Personal Letter

Today I was cleaning up and throwing away old papers. A couple of months ago I had a friend pull some old documents off some floppy disk I had.  I was reading a letter I had written to my parents before I got married for the second time. I was explaining to my parents that I was getting remarried because my ex husband loved me unconditionally.   I shared with them that when the married ended the first time I did not want to put in the effort to clean  up the mess I had made and it was easier to divorce.

As  I read the letter now I realized I wanted my husband to take God’s place in my life.  I have been reading  Michelle Mc Kinney Hammond again.  She talkes about how in Genesis that part of the curse would be a woman’s desire to have a  man.  It has been my downfall as well. When I have not been in a relationship my whole focus is lack of relationship. When  I was married  I wanted my husband to fill that God sized hole. He wasn’t able too.

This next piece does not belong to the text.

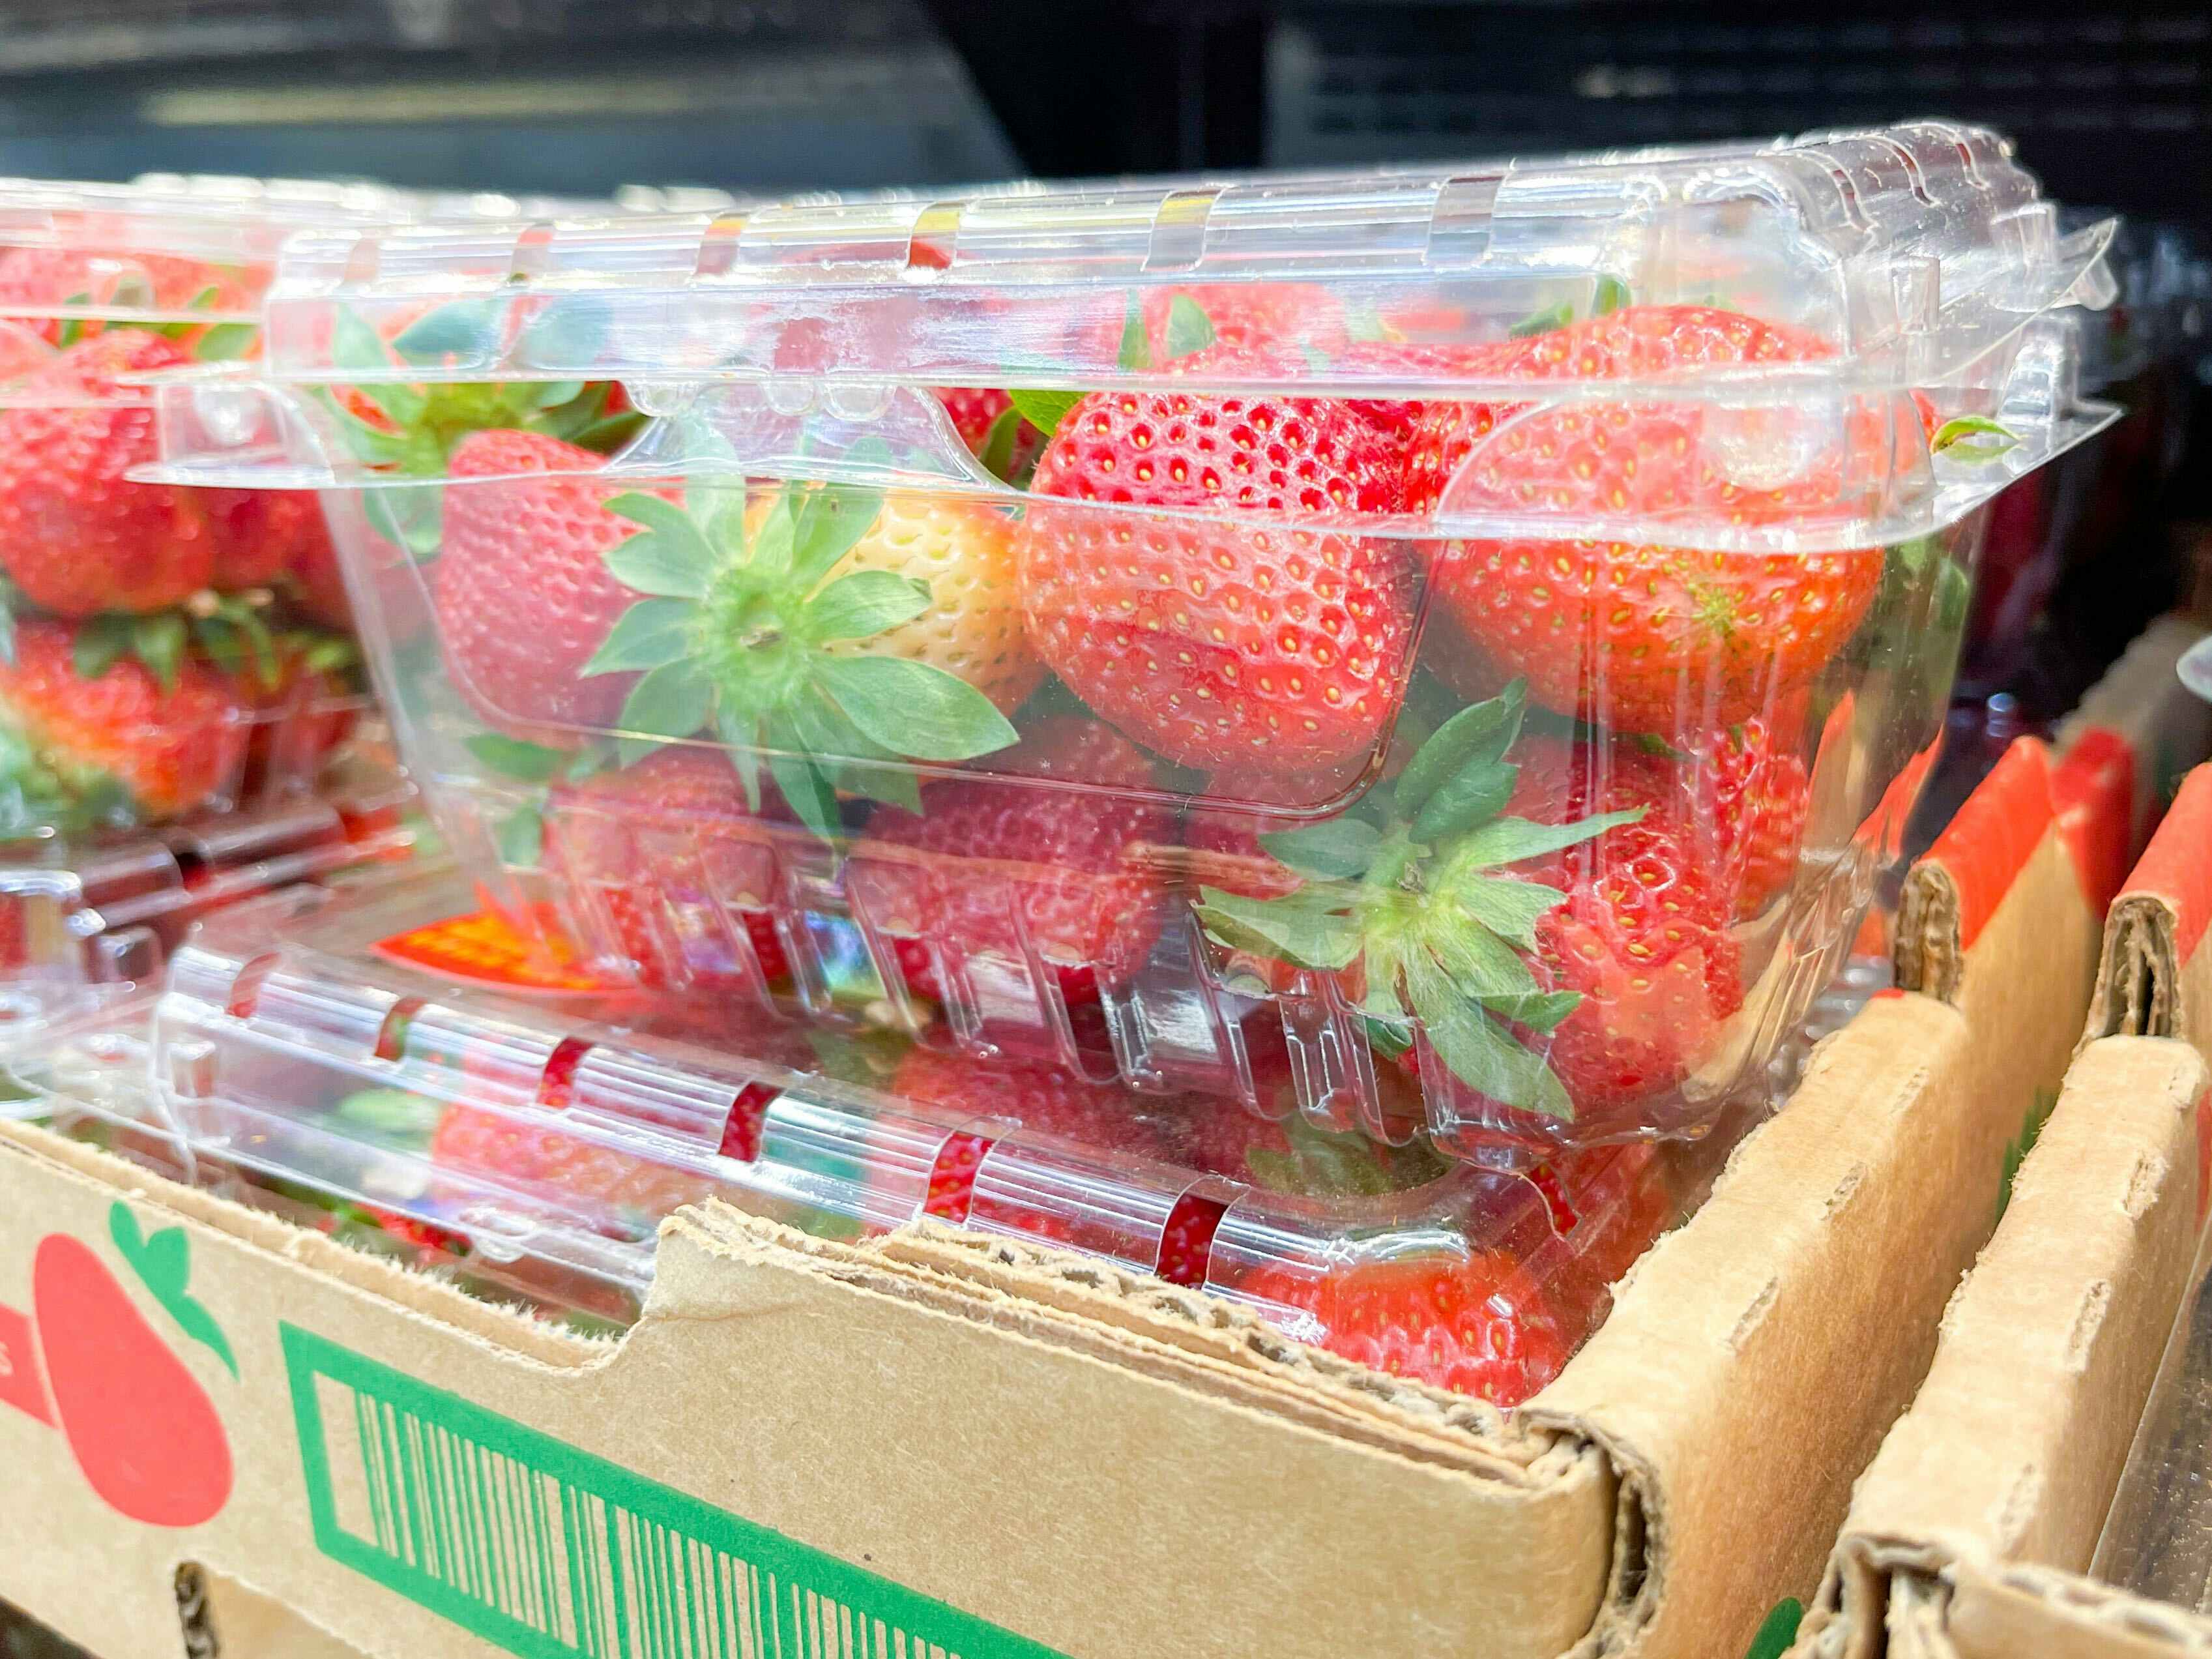 A box of strawberries sitting atop another box of strawberries.

My desire for a man has ruled my life. I have spent money when I didn’t have to be with a man. I have taken off work. I have went through hell and high water. I have inconvenienced myself. Made a fool out of self put up with disrespectful treatment, verbally and psychically abuse just to have a relationship.

I have longed and searched for Boaz and Prince Charming when the bible says it is, “he who finds a wife that findeth a good thing”.   When I was married I was Jezebel, Deliah, and Gomer. I was also Sarah, Racheal. When I was not married I was the woman at the well. I was like Leah in my approach to the well If I give you enough sex then you’ll love me. Leah’s lovemaking didn’t win Jacob’s heart.  Love making didn’t win the woman at the well any hearts either.